Proving the Equality of Logarithms with Different Bases

[TN17]

Homework Statement

How would I show that 1/log_ab = log_ba ?

The Attempt at a Solution

I'm not really sure where to start because of the different bases.

 

[Tide]

Hint: What is b^{\log_b a}?

 

[TN17]

Hint: What is b^{\log_b a}?

Is that Power Laws of Logs or Techniques for solving exponential equations, because I haven't learned those yet.
We haven't learned anything with logs as exponents yet.

 

[Tide]

That would be a fundamental identity for logarithms and should have been the first thing you learned about them. Basically, exponentials and logarithms are inverse functions of each other. Check with your textbook. :)

 

[TN17]

That would be a fundamental identity for logarithms and should have been the first thing you learned about them. Basically, exponentials and logarithms are inverse functions of each other. Check with your textbook. :)

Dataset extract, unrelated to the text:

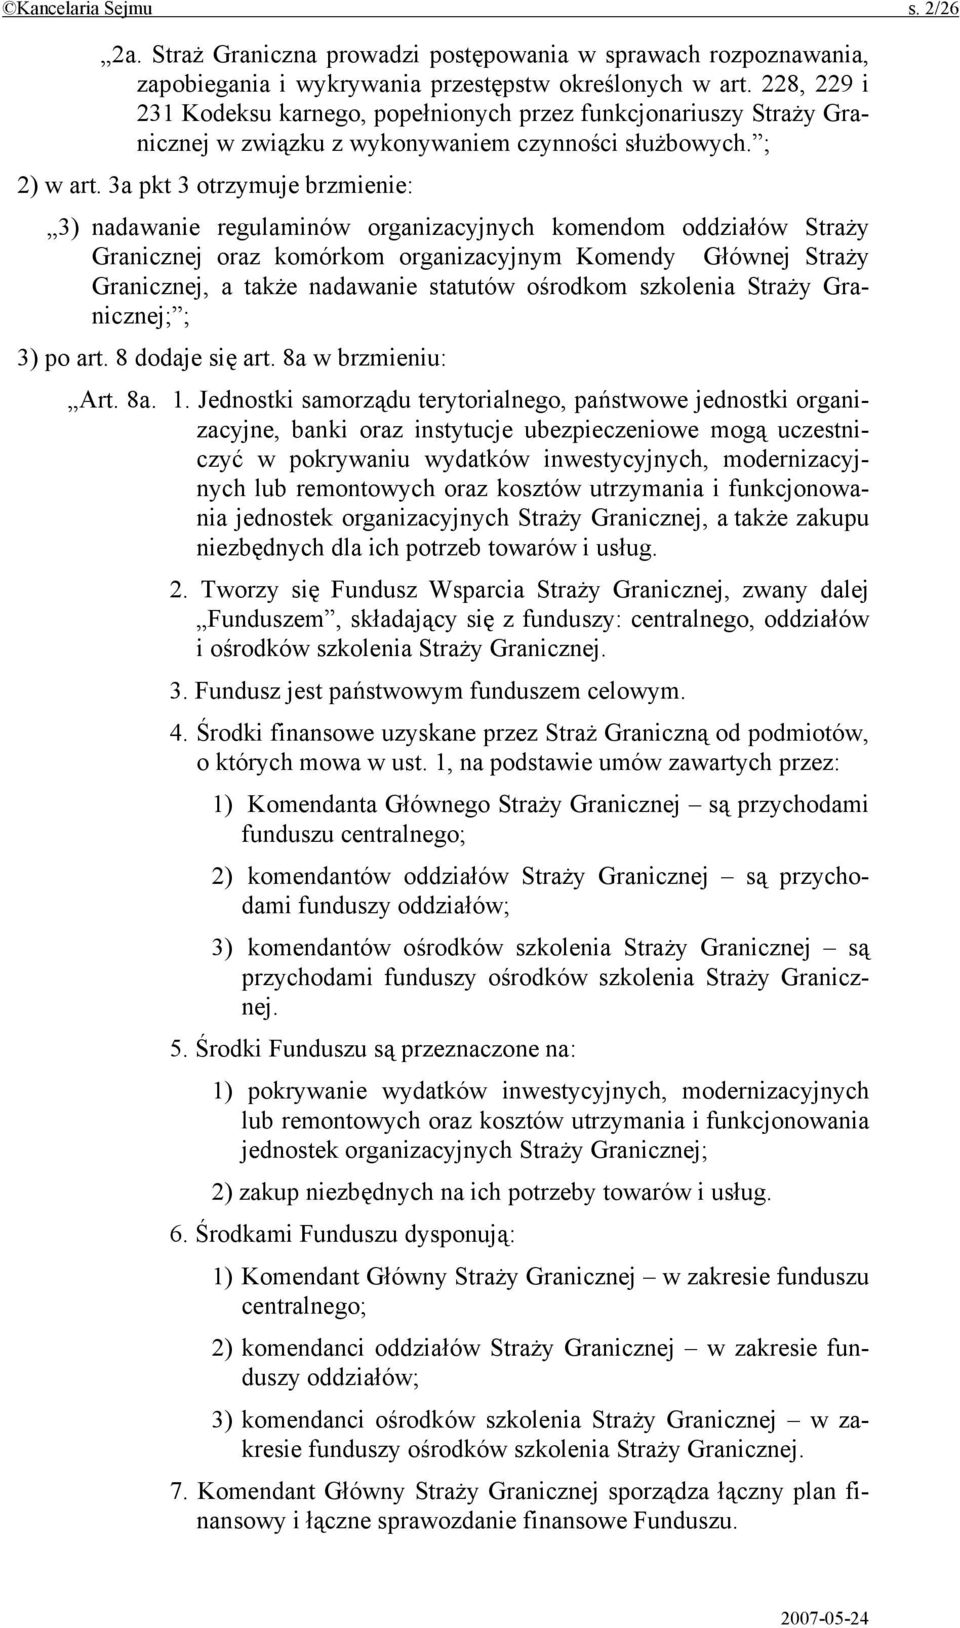 3a pkt 3 otrzymuje brzmienie: 3) nadawanie regulaminów organizacyjnych komendom oddziałów Straży Granicznej oraz komórkom organizacyjnym Komendy Głównej Straży Granicznej, a także nadawanie statutów

Yes, we learned how to write an exponentials as a log and vice versa, and we learned how to evaulate logs, like log₂8 where x=3. But we haven't seen anything with "log___" as the actual exponent before. :S

 

[Tide]

What you need to know is that

\log_b b^a = a and b^{\log_b a} = a

 

[TN17]

What you need to know is that

\log_b b^a = a and b^{\log_b a} = a

I found this online:
"Remember that log_b a = log a / log b for any base/subscript.

Then 1 / [log_a b] = 1 / [log b / log a]

Now dividing by a fraction is the same as mulitplying its reciproical.

1 * (log a / log b)

log a / log b

Now use the fact at the top to change this into
log a / log b = log_b a
Therefore, 1 / [log_a b] = log_b a."

Is that the same thing you were talking about?

We have a quiz on:
Exponential function + its inverse
Logarithms (simple problems)
Transformations of log functions
Using log scales in physical sciences (ex: pH scale)
and Exponential equations.

I'm familiar with all of those, but when I overheard someone from the other class talking about this question right after their quiz, I was curious, so that's why I asked...

 

[vela]

I think Tide was going for this approach:

Start with b^{\log_b a} = a and then take the log, base a, of both sides to get

\log_a (b^{\log_b a}) = \log_a a

Use a property of logs to bring the exponent down, do a little algebra, and you'll get the result you wanted.

The way you did it is fine as well. There are often multiple ways to show the same thing.

 

[Tide]

Vela,

Exactly! I had assumed the original poster hadn't seen the base conversion yet.